Information provided START

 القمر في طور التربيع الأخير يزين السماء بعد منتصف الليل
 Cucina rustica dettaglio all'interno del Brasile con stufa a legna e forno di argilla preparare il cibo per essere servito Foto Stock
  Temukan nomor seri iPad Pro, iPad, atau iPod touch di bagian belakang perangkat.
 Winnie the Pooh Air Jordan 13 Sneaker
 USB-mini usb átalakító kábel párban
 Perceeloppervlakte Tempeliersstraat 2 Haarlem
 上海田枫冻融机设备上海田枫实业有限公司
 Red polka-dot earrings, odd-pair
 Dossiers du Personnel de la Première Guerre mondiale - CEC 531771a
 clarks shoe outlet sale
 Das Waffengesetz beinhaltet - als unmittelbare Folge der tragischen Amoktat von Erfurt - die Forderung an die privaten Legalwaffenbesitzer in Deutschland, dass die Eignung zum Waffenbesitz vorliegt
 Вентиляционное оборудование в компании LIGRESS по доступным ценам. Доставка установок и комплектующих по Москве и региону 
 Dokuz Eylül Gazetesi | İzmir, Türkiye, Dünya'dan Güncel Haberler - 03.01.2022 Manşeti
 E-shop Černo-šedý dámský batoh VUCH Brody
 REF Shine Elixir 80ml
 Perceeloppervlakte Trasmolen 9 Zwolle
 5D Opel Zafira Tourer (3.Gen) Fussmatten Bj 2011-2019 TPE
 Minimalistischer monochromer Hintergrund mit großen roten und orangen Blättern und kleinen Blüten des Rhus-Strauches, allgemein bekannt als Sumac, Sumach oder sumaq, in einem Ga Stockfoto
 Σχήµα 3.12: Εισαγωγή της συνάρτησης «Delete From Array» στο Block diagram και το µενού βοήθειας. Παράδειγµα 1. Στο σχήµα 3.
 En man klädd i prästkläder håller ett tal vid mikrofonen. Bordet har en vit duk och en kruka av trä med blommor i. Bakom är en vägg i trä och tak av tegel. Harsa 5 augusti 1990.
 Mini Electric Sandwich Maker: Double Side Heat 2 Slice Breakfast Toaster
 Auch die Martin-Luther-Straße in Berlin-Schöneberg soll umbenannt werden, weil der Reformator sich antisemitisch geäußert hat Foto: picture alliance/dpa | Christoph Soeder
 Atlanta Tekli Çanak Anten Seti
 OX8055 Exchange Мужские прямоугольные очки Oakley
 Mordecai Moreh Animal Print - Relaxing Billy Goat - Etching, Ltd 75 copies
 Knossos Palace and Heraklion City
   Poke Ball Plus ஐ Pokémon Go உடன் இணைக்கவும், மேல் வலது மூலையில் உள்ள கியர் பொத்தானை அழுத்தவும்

Information provided END

# [Task directions]
Print nothing but the lines from the one that contains "Mordecai Moreh Animal" to the final line of the data, both included, exactly as they read.

# [Response area]
 Mordecai Moreh Animal Print - Relaxing Billy Goat - Etching, Ltd 75 copies
 Knossos Palace and Heraklion City
   Poke Ball Plus ஐ Pokémon Go உடன் இணைக்கவும், மேல் வலது மூலையில் உள்ள கியர் பொத்தானை அழுத்தவும்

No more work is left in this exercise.